Wednesday, February 9, 2011

Canada is Bilingual -- Why Not the U.S., Too?

I just returned from a mini-vacation in Montreal and Quebec City, Canada. While I kept struggling to get directions or negotiate payments in French, Montrealers in particular seemed to effortlessly move in and out of English and French, depending on the situation and persons involved. That was even true for some American friends who had moved to Montreal a few years ago and were working in a French-speaking environment. Even in Quebec City, where French is much more prevalent than in Montreal, our elderly host at the Bed and Breakfast where we stayed easily switched to English when he saw me struggling to understand him.

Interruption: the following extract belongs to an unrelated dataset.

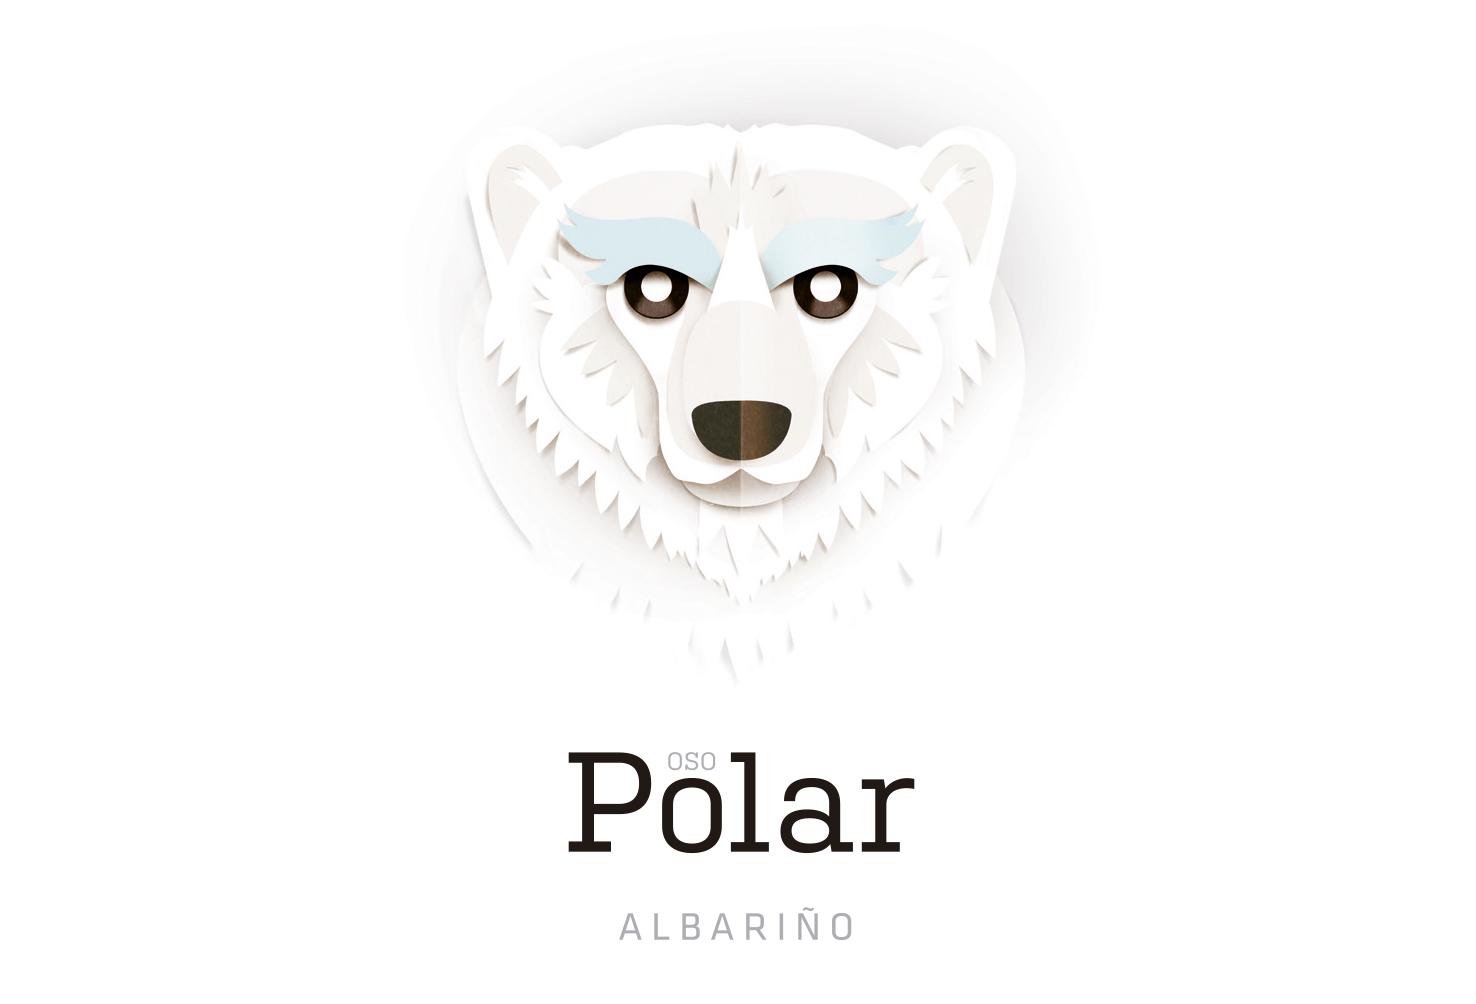 Loa Osa-Polar-Front.jpg

Given that everyone in Quebec learns both languages starting in elementary school and not infrequently encounters situations where he/she needs to use his/her non-dominant language that is not surprising. Since fluency in multiple languages is becoming increasingly important in a ever more globalized world, one wonders why it is so rare outside special circumstances such as officially bi-lingual countries. It seems to me that a similar strategy of early immersion in a second language could be replicated relatively easily at least in large U.S. cities, most of which have a rather significant Spanish-speaking population.

If children here in New York, for example, were to learn Spanish intensively starting in, say, third grade, and then were encouraged to use that knowledge in day-to-day interactions with the city's Spanish-speaking population, we could raise a bilingual generation. That would, of course, also require expanding access to Latino cultural contributions to the mainstream, selling Spanish-speaking newspapers everywhere and increasing Spanish-language programming on TV and radio.

My only problem with that scenario is that if I went to Quebec then, my Spanish would intrude into my French even more than it does now.